Voilà pour le contexte.

 

Cela dit, je pense que l’impartialité s’observe principalement dans l’intention journalistique, dans l’approche. Et ce n’est pas qu’une affaire quantitative ou de représentation statistique des points de vue.

L’impartialité concerne la démarche journalistique, la rigueur professionnelle, la capacité à ne pas orienter un sujet en fonction de ses convictions préalables. Et c’est aussi le ton, l’implicite, qui souvent fait la musique, comme le dit le proverbe.

Enfin, l’impartialité ce n’est pas qu’une question de traitement journalistique, c’est aussi un équilibre dans le choix des thèmes, de la programmation. La sur-présence de certains sujets, de société par exemple, peut aussi générer un sentiment de parti-pris. Indépendamment de la qualité de la couverture éditoriale consacrée à ces thèmes.

 

Tout ceci se joue dans un environnement de plus en plus complexe.

Avec d’abord une grande polarisation des opinions du public que l’on peut mesurer sur les réseaux sociaux. Cette polarisation s’observe aussi au niveau des politiques, qui acceptent de moins en moins les enquêtes, les questions pointues, insistantes. Une question pointue est rapidement considérée comme une attaque personnelle illégitime.
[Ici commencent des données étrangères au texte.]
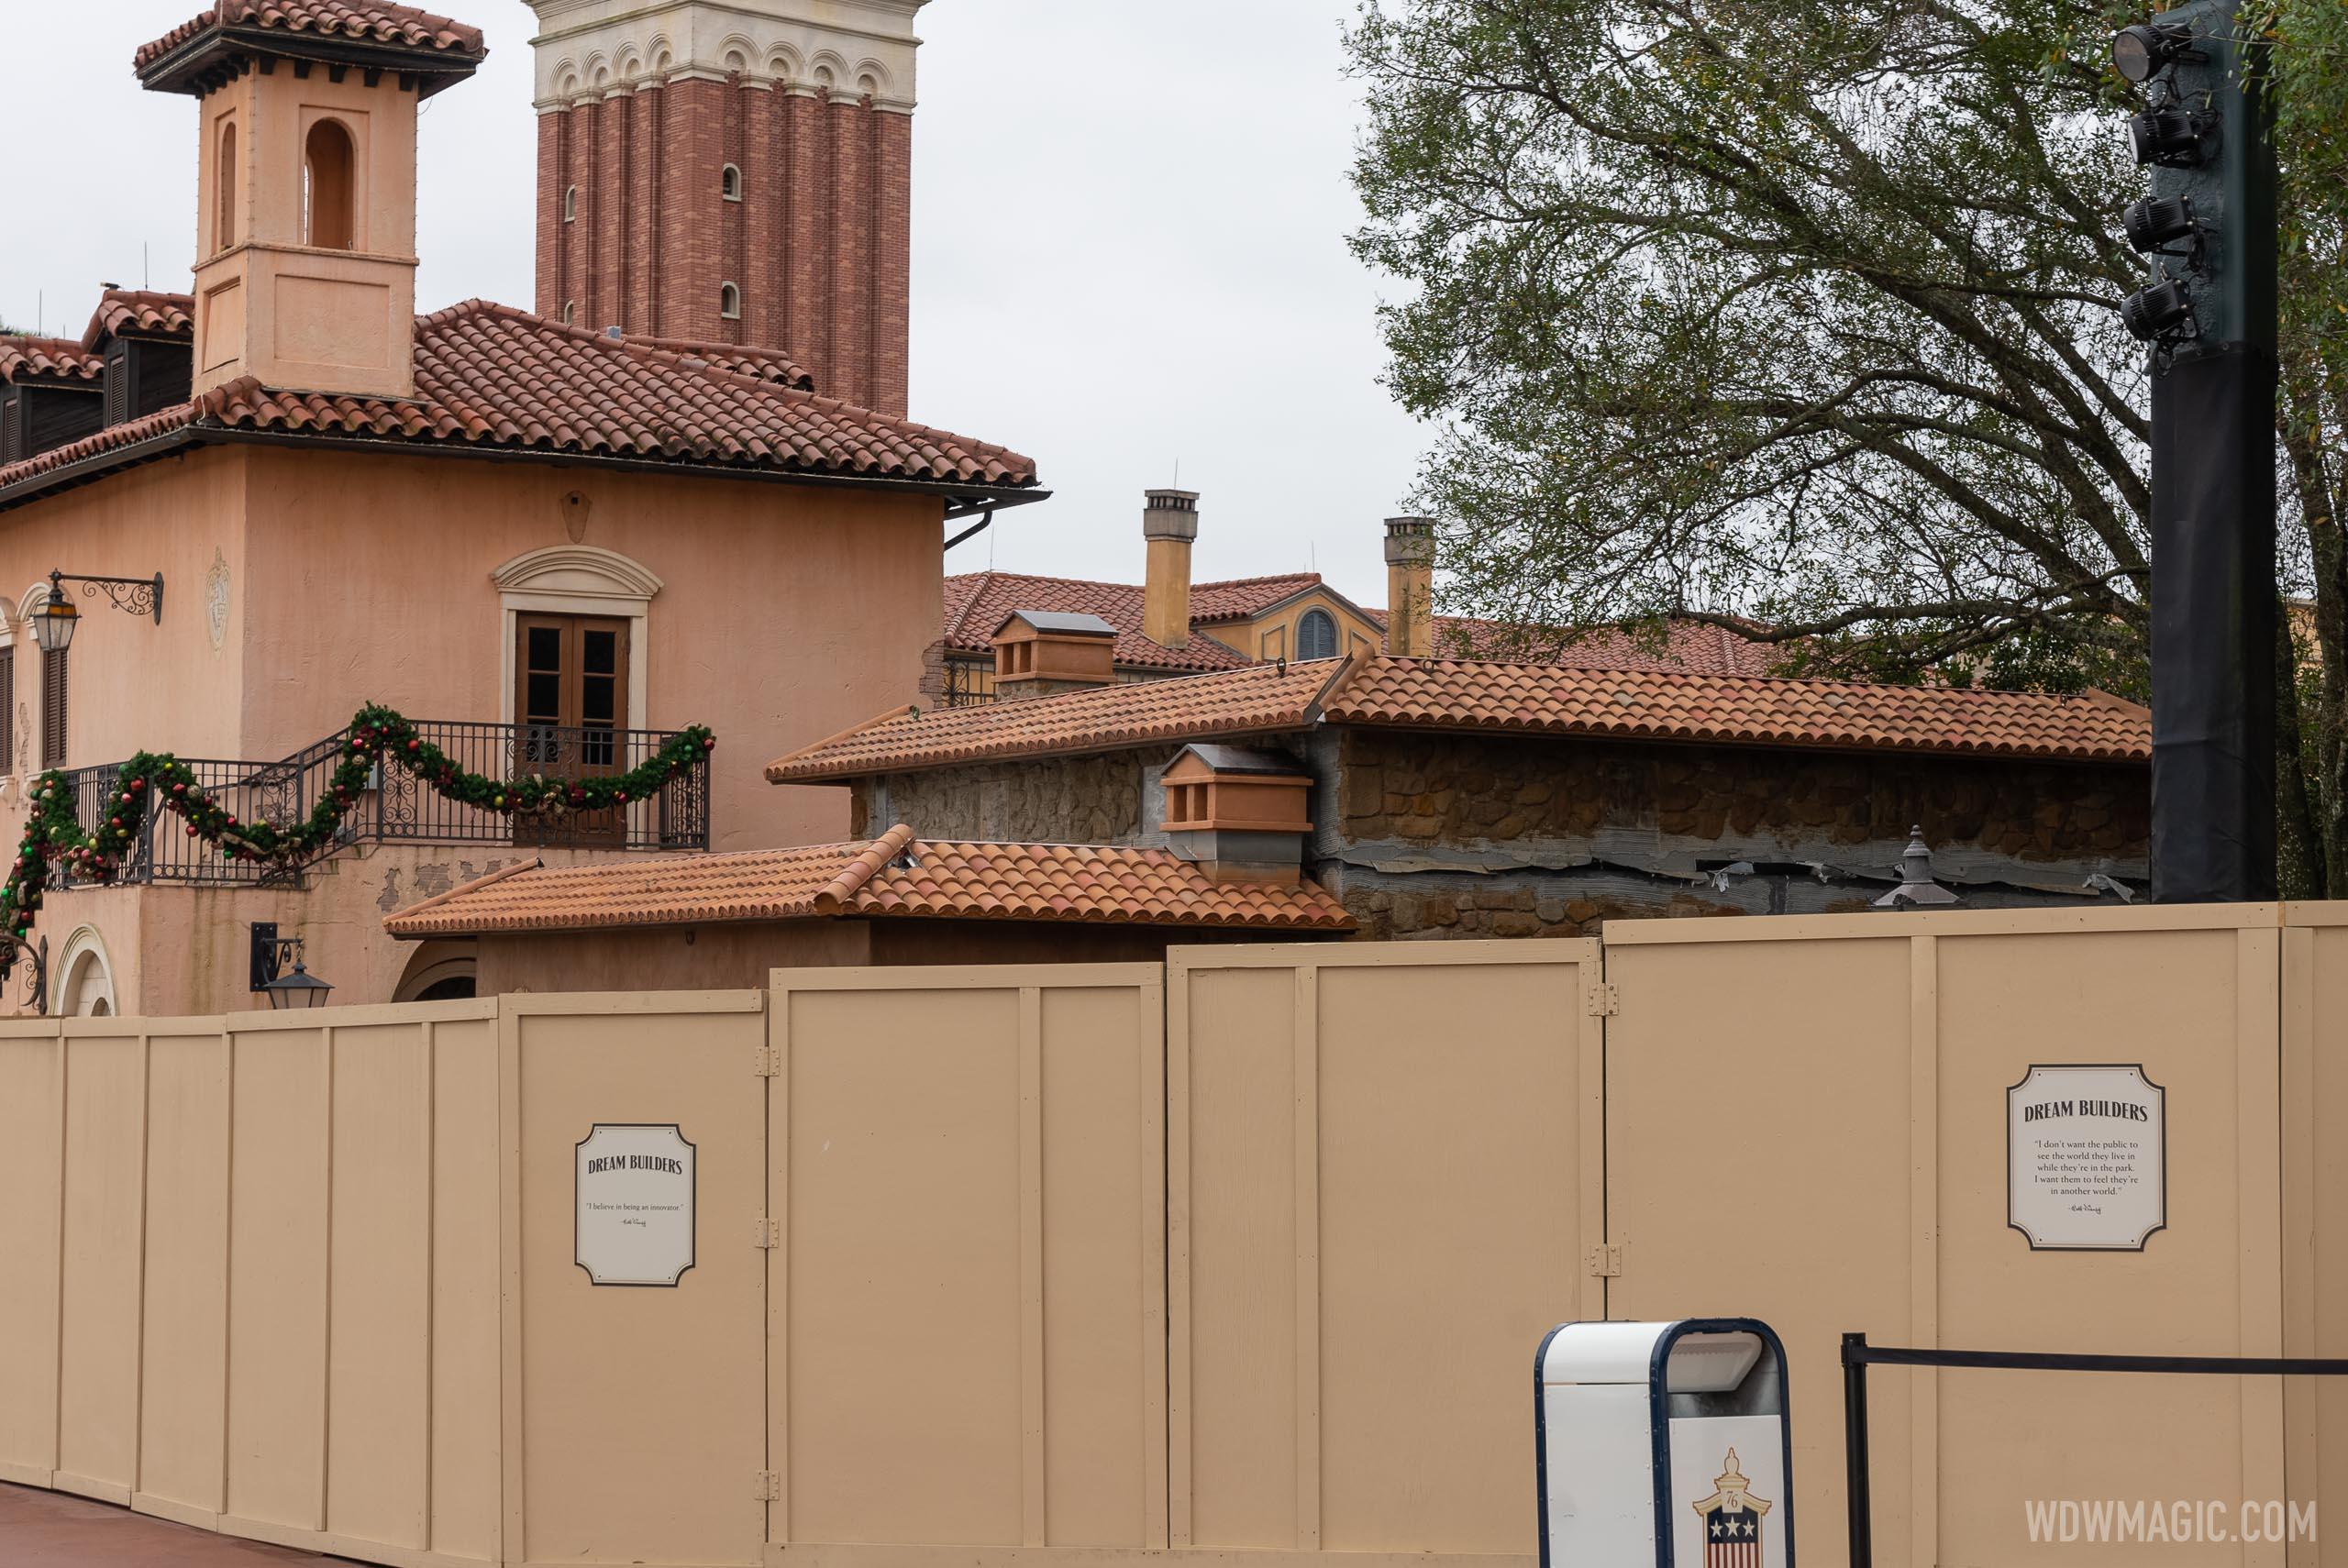 La Gelateria construction - January 12 2021

Il y a ensuite la pression économique, qui augmente la pression sur les rédactions. Cela peut provoquer des phénomènes d’auto-censure. Pour les services publics, les pressions politiques peuvent agir sur le cadre régulatoire, et donc provoquer le même réflexe.

L’enseignement, en tous cas en Suisse, c’est que ce débat sur l’impartialité ne doit pas se tenir uniquement avec les stakeholders, les parties prenantes. Il faut en parler avec le public, directement. Parce que la différence de perception, entre les parties prenantes et le public est parfois vertigineuse.

Et pour cela il faut des instruments de recours accessibles à toutes et tous.  Comme des systèmes de médiation, des ombudsmans. Ou des autorités indépendantes pour évaluer les plaintes du public et donner un avis autorisé. Puis il faut évidemment que les rédactions débriefent ces évaluations et corrigent lorsqu’il y a des erreurs ou des manquements.

 

Et il y a aussi de nouvelles chances.

Je crois que le développement vertigineux des Fake news ou autres vérités alternatives et les risques d’une intelligence artificielle mal utilisée, donnent aux rédactions un rôle, une valeur importante. Celle de générer la confiance. Avec un travail rigoureux.

Et c’est pourquoi je suis convaincu que dans ce nouveau monde numérique, la confiance est, pour le service public, beaucoup plus importante que la performance (quantitative).

En Suisse, cette confiance est trop faible pour l’ensemble des médias (42%). Mais elle élevée (plus de 70%) en ce qui concerne la SSR, soit SRF et RTS, des niveaux de confiance qui ont été mesurés dans l’étude Reuters 2023. Et c’est un signal très encourageant qu’envoie ici le public.